The hierarchical method proposed by Suresh et al. (2019) was used to generate the causal maps, depicted as a series of directed graphs, illustrating the connections between strongly and weakly connected process variables. Many studies have been conducted using different cognitive measures to calculate the effectiveness of a proposed approach. Madhu et al. (2016) demonstrated that eye tracking is a reliable sensor of various cognitive tasks undertaken by operators and identifies unique fixation patterns reflecting the operator's abilities to orient, diagnose, and execute recovery actions in abnormal situations. Das et al. (2017) demonstrated that analyzing available input (from eye tracking) and output (operator actions) data in relation to the process state can assist in deducing the operator's mental model at any given moment. Similarly, Shahab et al. (2021) utilized the eye gaze data and proposed two quantitative metrics - association metric and salience metric- demonstrating that these metrics effectively quantify the operator learning process. The current study examines the impact of overlaying causal maps onto DCS, and data from eye tracking is analyzed to infer the causal maps treatment and learning effects.

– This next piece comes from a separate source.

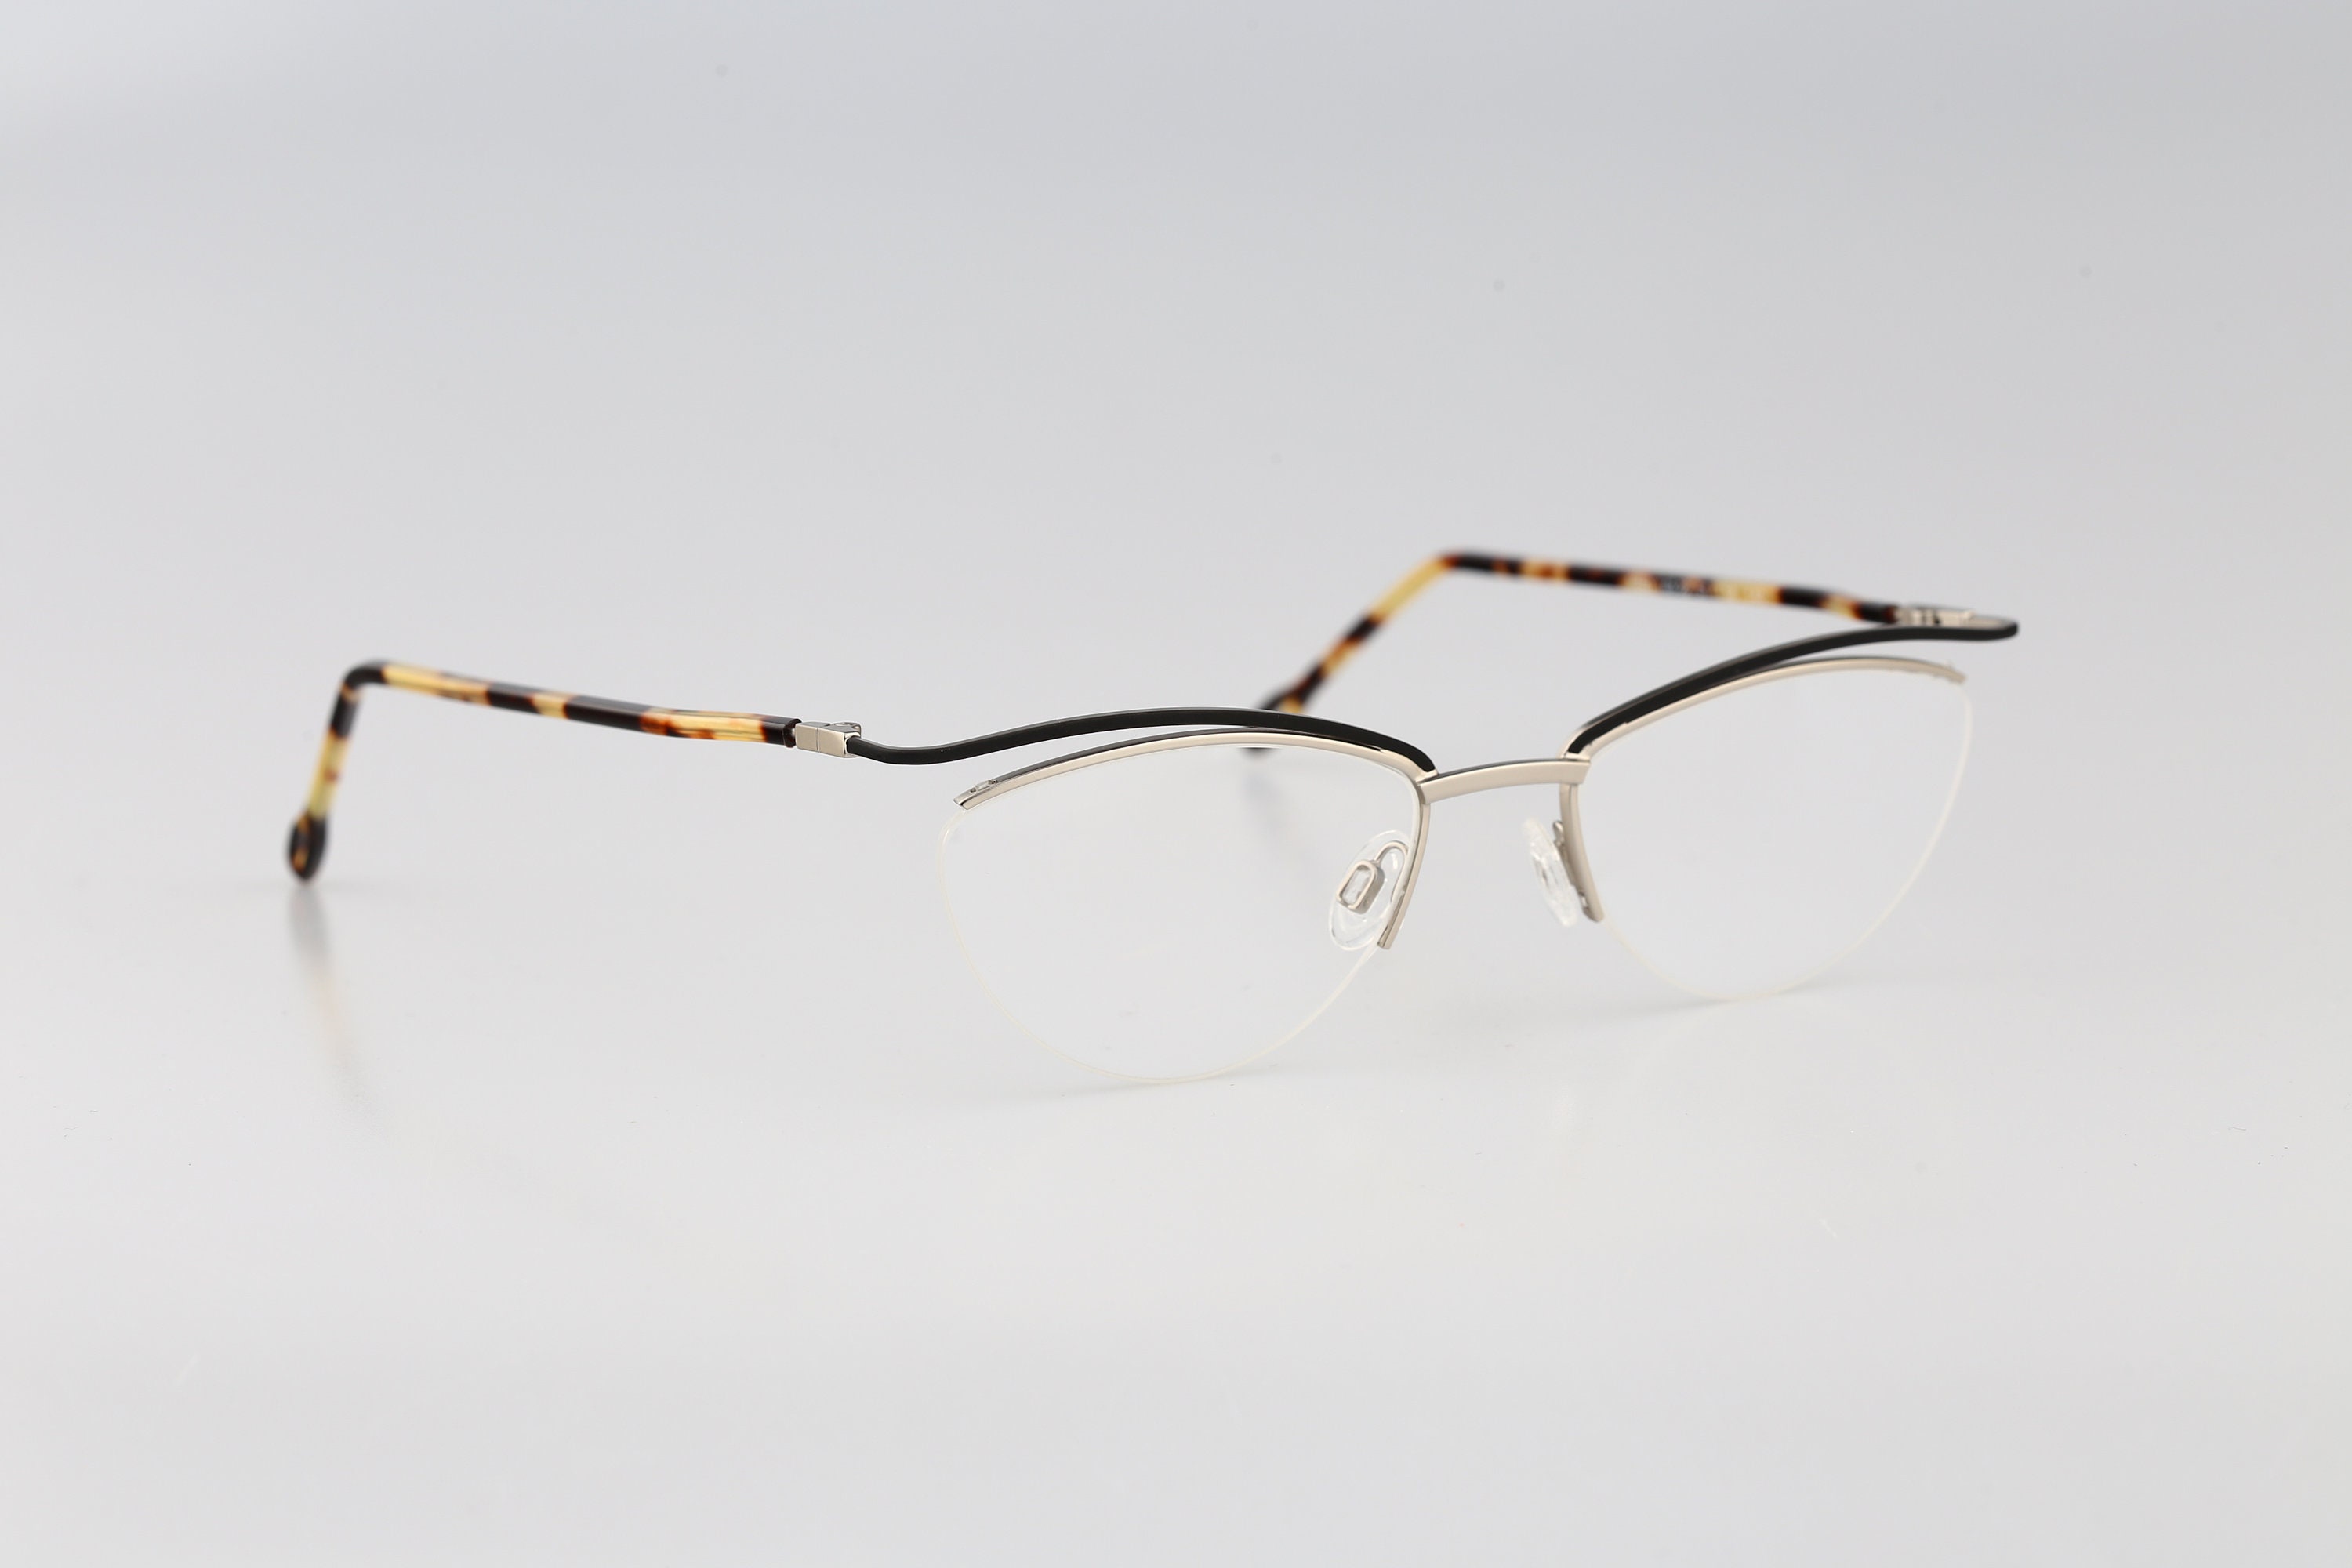 Accessoires Zonnebrillen & Eyewear Brillen Robert Rudger 1550 148 22 Vintage jaren '90 uniek zwart & grijs halve velg kleine kattenbril frames vrouwen NOS 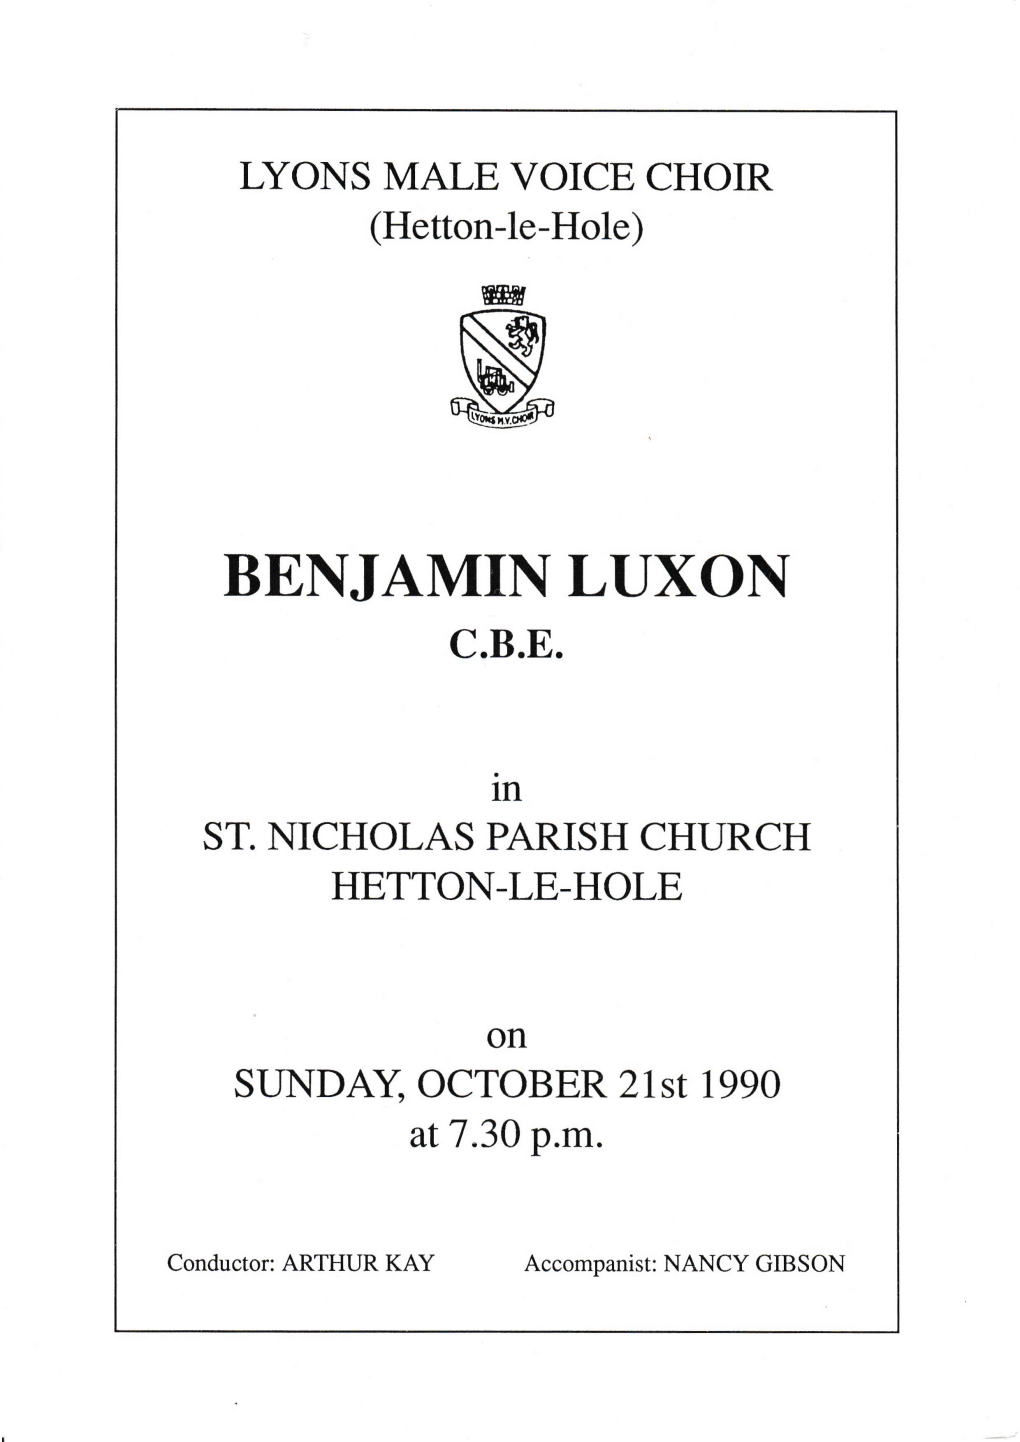 Programme Lyons Male Voice Choir with Benjamin Luxon CBE 21St Oct

Consider a typical DCS interface depicting a chemical process designed to simulate various tasks to examine the operator's ability to diagnose the root cause of the state variation. This evaluation is conducted initially using a traditional or standard interface and subsequently with the integration of causal maps, following an A-B-A-B single-subject design. Eye gaze data, including fixation and saccade information, is collected during a single process run. The Human-Machine Interface (HMI) continuously provides φ(t) as real-time information. Operators utilize this information to evaluate the plant's current state. In the event of abnormalities, operators rely on their mental model, which is informed by their understanding of the plant's dynamics or current information, to assess the root cause of the system's abnormality. The integration of causal maps affects the operator's mental model and ability to identify the root cause. In subsequent process runs, treatment and learning effects influence the operator's mental model, with pronounced impacts observed over time. Eye gaze data collected throughout the case study is analyzed to depict gaze transitions across the Human-Machine Interface (HMI), represented as a digraph linking different Areas of Interest (AOIs). The difference in the structure of this digraph pattern and causal maps will give the treatment effect, and the frequent transitions between AOIs indicate the learning effect. The effectiveness of the causal maps can be calculated by comparing the enhanced information provided through it and observing the resulting shift in the operator's mental model.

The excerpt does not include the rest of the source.